Alexandria Cozzini says
Is that 1 WHOLE egg or 1 egg YOLK?
Hi there. It is 1 whole egg!
BenJamin says
So after reading a slew of comments I am ready to post my failure. Followed the recipe using olive oil and some mustard powder as I have no mustard. I was using a magic bullet and it was rather liquid. Thoughts? (Aside from buying an immulsion blender. I live in the middle of nowhere and running out to grab one is not an option.) Alos at the end I “folded” in the lemon juice and now it just seems to have curdled it?
I've never heard of the curdling... and I've never used a magic bullet. Have you tried using YouTube to find a how-to video with that method? I want to troubleshoot with you 🙂
Dawn says
Thank you for the Mayo recipe!! I have never been a fan of mayo, I have always preferred miracle whip instead. But, since starting the whole 30 I am really trying to expand and try new foods. I did read that sometimes if your olive oil has an aftertaste it will affect the taste of your mayo and that may be some peoples issues with taste. A recommendation that I had seen somewhere is if you don't care for the olive oil taste on your finger alone, then you will not like it in your mayo. I was also starting to wonder if maybe some people's half of a lemon may be larger than others.

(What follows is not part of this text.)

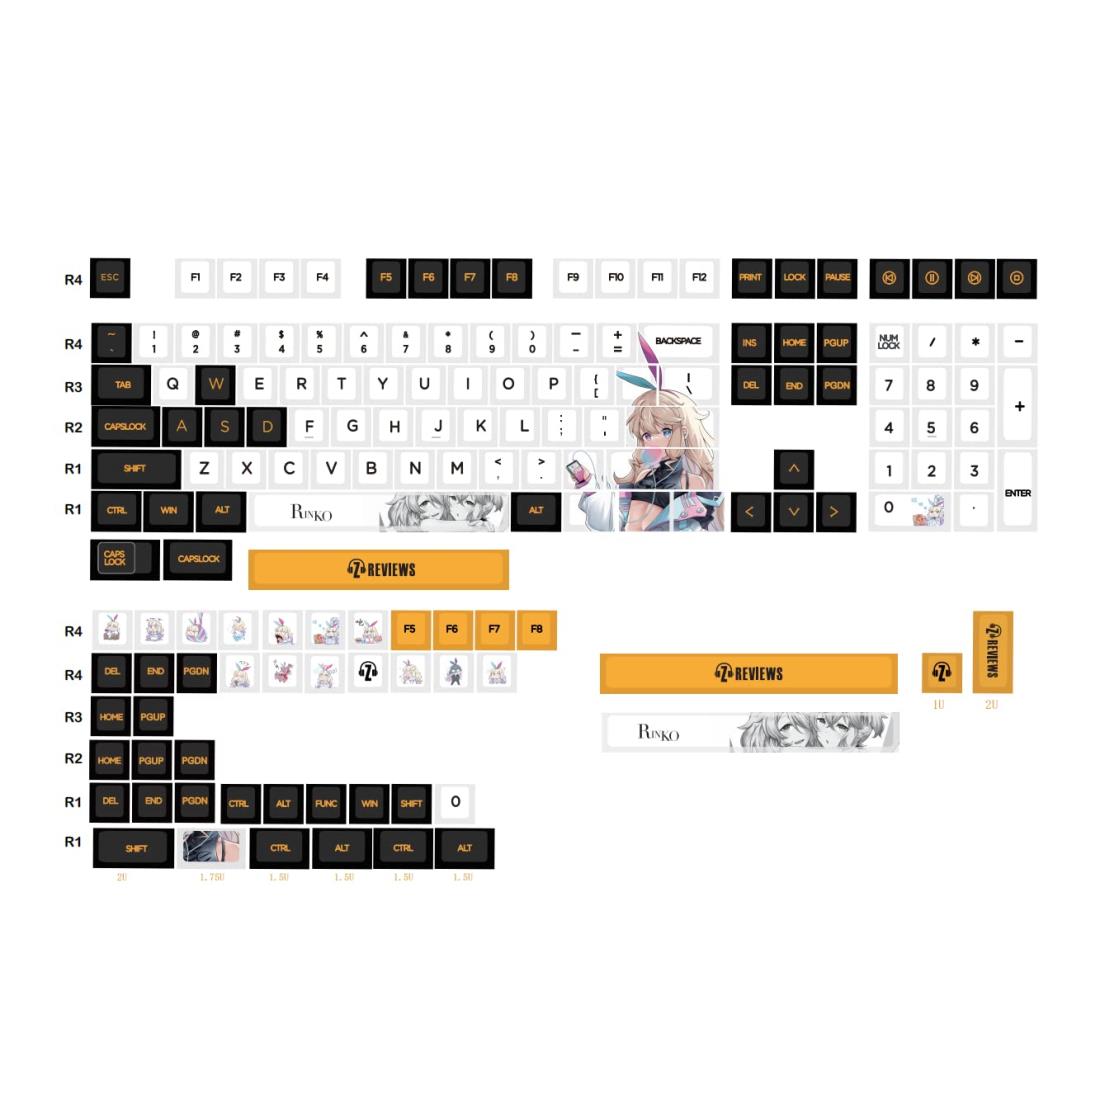 スタイル：CARTON◆商品名：Mechkeys x Z Review Rinko To uch キーキャップ 156 键 keycaps キーキャップ 键帽 60%、65%、TKL、75%、96%、フルサイズのキーボードに対応 (Rinko To uch)専用のRinkoデザイン: Rinko To uchキーキャップは、IEM用に開発されたRinko Characterに基づいたユニ ークなデザインテーマが特徴です。 このセットは、職人のキーキャップのセットを通してキャラクターの外観を完成させます。 リンコ タッチが完成すると、すべてのキーボードがユニ ークで排他的な外観になります!!【さまざまなレイアウトに対応】Rinko To uchキーキャップは、1セットで156個のキーがパッケージ化されています。 それらは、60%、65%、75%、およびそれ以上の範囲のさまざまなレイアウトを完成させます。 このセットには、ビルドを簡単に完了するために必要なすべてのキーが含まれています。 凛子キャラクターの外観は、フルサイズの 87 キー フォーム ファクター用に特別に設計されています。他の人はビルドを完了することができますが、凛子キャラクターはそれらで完成する場合としない場合があります。チェリー プロファイル デザイン: リンコ タッチ キーキャップは、チェリー プロファイルで設計されています。 Cherry Profile は広く使用されているだけでなく、ユーザーに快適なタイピング体験を提供します。 ANSI レイアウトと互換性があり、MX および MX スタイルのスイッチと完全に連携します。昇華型 PBT 素材ビルド: Rinko To uch キーキャップは長持ちするように設計されており、高品質の昇華型プロセスを使用して作られています。 伝説とデザインはすぐには消えません。 Rinko To uch キーキャップは、耐久性と寿命で知られる高品質の PBT 素材でできています。Rinko IEM と完全に一致: Rinko タッチ キーキャップは、最近リリースされた Rinko IEM と一致するように設計されています。 Rinko IEMは、ダイナミックドライバーと平面ドライバーユニットを組み合わせたデュアルドライバーハイブリッドコンビネーションにより、優れたサウンドを実現する高品質のサウンドを誇ります。 See Audio は、高度な 3D プリント技術を使用して複雑なキャビティ構造を設計し、ドライバーと快適な形状の両方を実装しています。 パワフルなサウンドと優れたディテールも備えています。 Rinko To uch KeycapsとRinko IEMをセットでご提供!!注意: TKL & フルサイズ レイアウトは、Rinko Character Artisan Keycaps と完全に一致し、キャラクターを完全に表示します。 60%、65%、75%、96% などの他のレイアウト Rinko To uch キーキャップはそれらで動作しますが、一部のキーには通常のキーキャップを使用する必要がある場合があります (パッケージからのみ)。 これらのレイアウトで完了します。 特徴: ＞メカキーズやゼオスとのコラボ企画(Zレビュー)。 ＞凛子専用デザインテーマ。 ＞高品質の PBT 素材。 ＞チェリーのプロフィール。 ＞マルチカラー プロファイル。 ＞染料昇華プロセスで製造。 ＞MX および MX-Clone スイッチと広く互換性があります。 ＞デザイナーノベルティキー付き。 ＞合計156個のキー。 ＞主要なサイズのキーボード (60% 以上) と互換性があります。 ＞ANSI レイアウト。 ＞Rinko キーキャップは Rinko IEM と完全に一致します。 このセットには、60% 以上のさまざまなレイアウトを提供する 156 個のアーティスティ ックな印刷キーが含まれています。 このセットは、Z レビューで設計された Rinko IEM と一致するように設計されています。 Rinko IEM は、豊かなローエンド用の強力なダイナミック ドライバーと、超高周波数領域での優れた拡張用の高性能 6mm 平面磁気ドライバーを備えたデュアル ドライバー ハイブリッドの組み合わせを採用しています。

When I juiced my half I had over 6 Tbsp. I thought that if I added all of that I was certain it would make it to runny. So I only added about 3 Tbsp. and if seemed a little loose so I went at it with the blender again and it thickened right up. It's too bad there are so many critical comments. I think we all need to understand that sometimes it is trial and error and also need to understand that the store bought mayo is full of unhealthy preservatives which affect taste and we have become accustomed to the take of all that garbage. I do thank you for the recipe as I know that I will make it again and I can already imagine dipping my sweet potato fries in this. Yum!
Robyn says
I have made it three times now and perfect every time! Love it! I never knew making my own mayo would be so easy. And it’s been a life saver while doing Whole30! I have used it to make chicken or tuna salad. Thanks for sharing!
I am so happy to hear that! I feel like it's a game changer, too. Have you tried the chicken and tuna salad recipes on my site yet?
Jody Johnson says
Yay! It worked for me, and I'm so excited to have some yummy mayo! I followed the instructions in the Whole 30 cookbooks, and it turned out completely liquidy, so I'm very glad I found your recipe on Pinterest! Thank you!
Hi Jody. That makes me so happy to hear. Paleo mayonnaise can be super finicky, so I'm relieved this recipe is working for you. You'll have to try it incorporated in my chicken and tuna salad recipes, too. So delicious!